MicroRNAs (miRNAs) are small, noncoding RNA molecules that negatively regulate the expression of other genes at the posttranscriptional level by cleaving their RNA transcripts in a sequence-specific manner (Hutvágner and Zamore, 2002; Llave et al., 2002). Several profiling studies have revealed that miRNAs are involved in rhizobial infection, nodule formation, and nodule functioning (Subramanian et al., 2008; Lelandais-Brière et al., 2009; Wang et al., 2009; Bazin et al., 2012; De Luis et al., 2012; Dong et al., 2013; for review, see Formey et al., 2014). Indeed, functional analyses have demonstrated an altered number of nodules following miRNA overexpression or knockdown (Combier et al., 2006; Li et al., 2010; De Luis et al., 2012; Turner et al., 2013; Yan et al., 2013; Wang et al., 2014). A recent study reported that ectopic expression of miR160, which negatively regulates AUXIN RESPONSE FACTOR10 (ARF10), increased auxin sensitivity and inhibited nodule development. This suggests that minimal or reduced auxin sensitivity of soybean root cells is required for determinate nodule development (Turner et al., 2013). However, ectopic overexpression of miR393, which targets auxin receptors, influenced indeterminate, but not determinate, nodule development (Mao et al., 2013; Turner et al., 2013) and may implicate a diverse role of auxin in nodulation among different legume species. Previously, a relatively high level of miR167 expression was detected in nitrogen-fixing nodules of soybean (Wang et al., 2009; De Luis et al., 2012), which suggests the possibility of a miR167-mediated regulatory mechanism underlying beneficial soybean-rhizobia symbiosis. In Arabidopsis (Arabidopsis thaliana), the miR167-ARF8 module has been shown to regulate the cell type-specific response to available nitrogen status and the plastic development of lateral roots (Gifford et al., 2008). miR167 also regulates plant development and root plastic development through targeting different genes, such as ARF6 and INDOLE-3-ACETIC ACID-ALANINE RESISTANT3 (IAR3; Ru et al., 2006; Kinoshita et al., 2012). Whether a similar module acts in the development and/or regulation of legume nodules has not been reported previously.

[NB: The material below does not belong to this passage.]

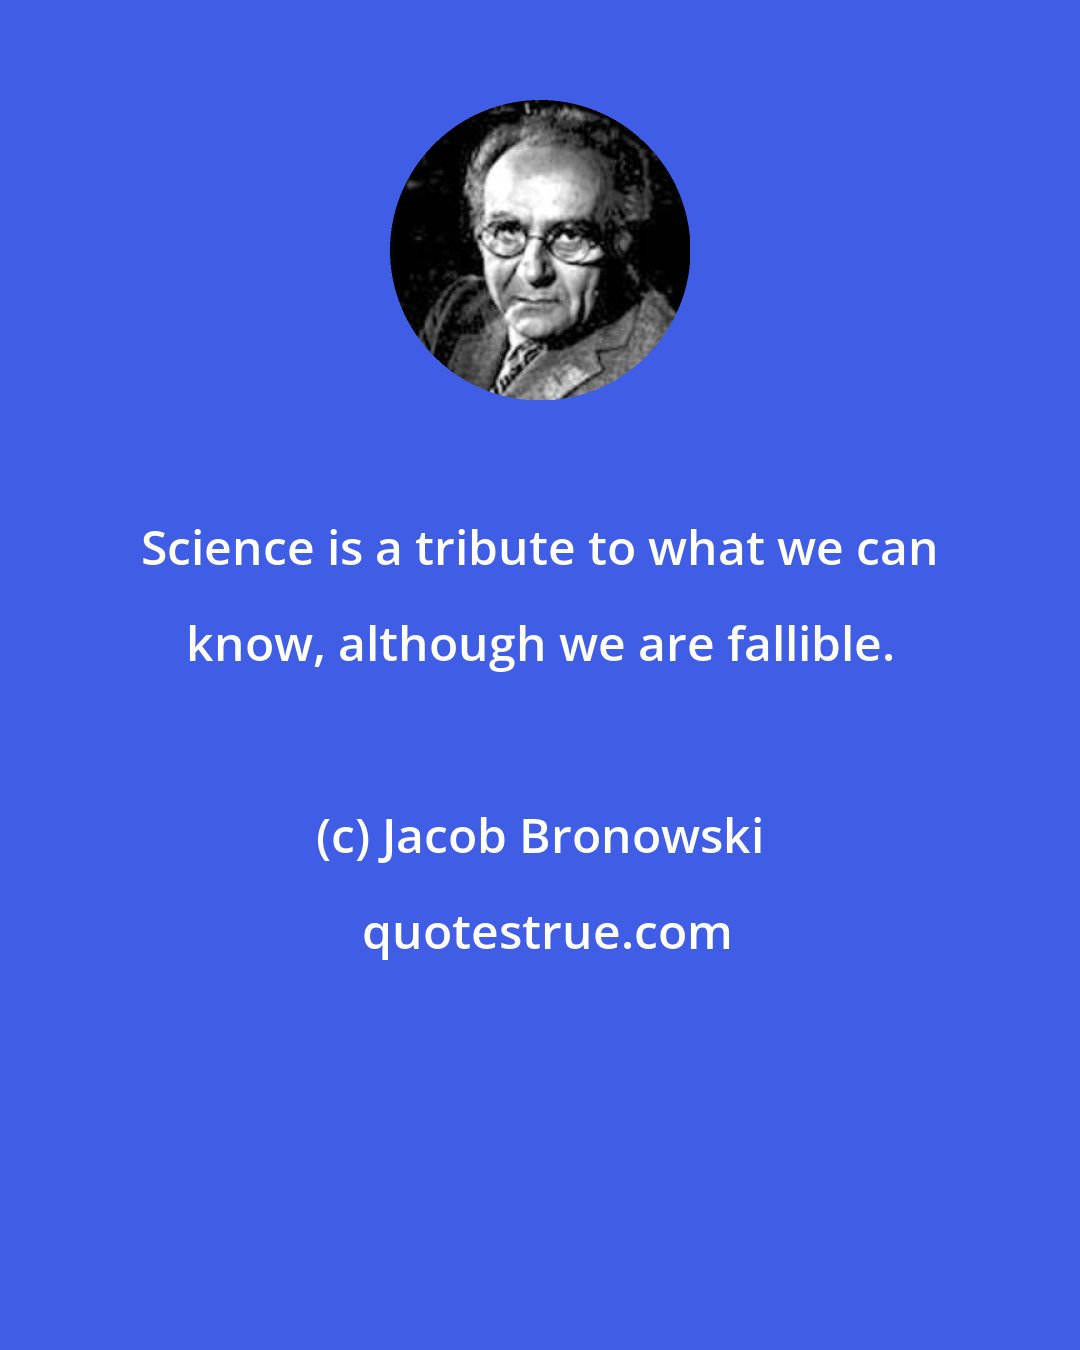 Jacob Bronowski: Science is a tribute to what we can know, although we are fallible.
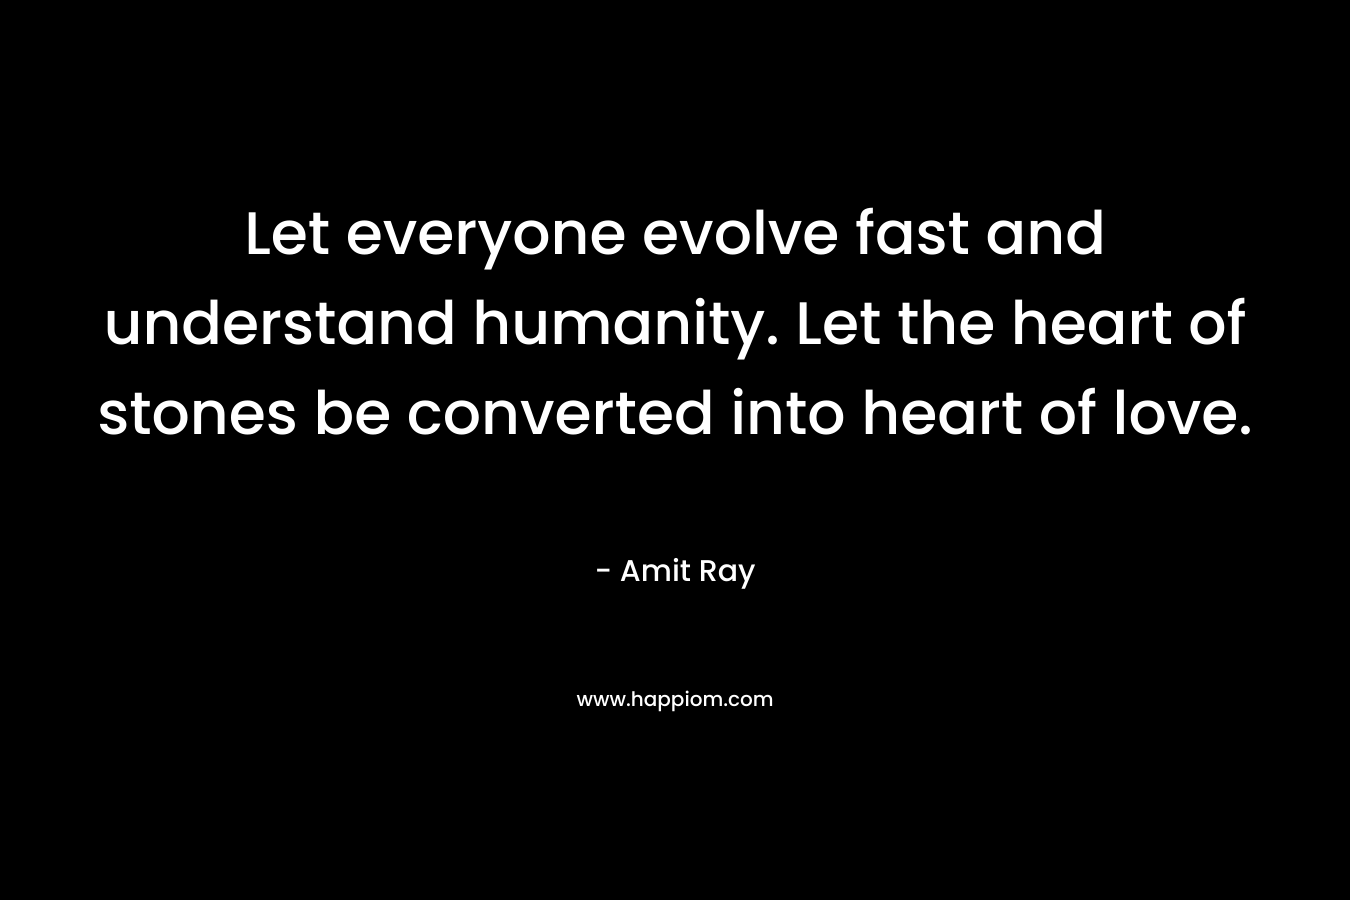 Let everyone evolve fast and understand humanity. Let the heart of stones be converted into heart of love. – Amit Ray

In this study, we analyzed the role of miR167 in nodulation in response to Bradyrhizobium japonicum infection. We found that miR167 was up-regulated in roots after inoculation with B. japonicum and controlled nodulation through two targets, which are homologs of Arabidopsis ARF8 (GmARF8a and GmARF8b). We also established that the miR167-GmARF8 module regulated nodulation efficiency under low microsymbiont density, which is often associated with environmental stress. miR167 and the two target genes were responsive to auxin and NF application. Intriguingly, the function of the miR167-GmARF8 module in nodulation was dependent on NF perception, as demonstrated through the NF receptor gene GmNFR1. Our findings highlight a functional role for the miR167/GmARF8 module in nodulation and further demonstrate a critical role for auxin signaling in legume nodule development. Additionally, we showed that soybean miR167 also targets putative GmARF6 genes but not GmIAR3 genes to modulate plant growth and development, such as lateral root development. Collectively, these results help to establish the mechanism by which legume plants respond to auxin to activate nodule initiation, including the functional integration of auxin- and NF-dependent signaling in nodule organogenesis.
RESULTS
Expression Pattern of miR167
The miR167 family of soybean is composed of 11 highly conserved homologous miRNAs (miR167a–miR167k; Supplemental Fig. S1A). These miR167 preliminary miRNAs (premiRNAs) are generated from different genes, and the lengths of the majority of premiRNAs are similar (78–280 nucleotides), with the exception of miR167c, which has the longest precursor (375 nucleotides; Supplemental Fig. S1A). The phylogenetic analysis of their premiRNAs showed that the miR167 family members can be divided into two subgroups: miR167a/b/d/e/f/g/h/i/j/k and miR167c (Supplemental Fig. S1B). Unexpectedly, soybean miR167c but not miR167a has the closest genetic relationship with Arabidopsis miR167a. These premiRNAs eventually produce highly conserved mature miR167s that have only one or two nucleotide differences located at the 3′ and/or 5′ end of their mature miRNAs (Supplemental Fig. S2).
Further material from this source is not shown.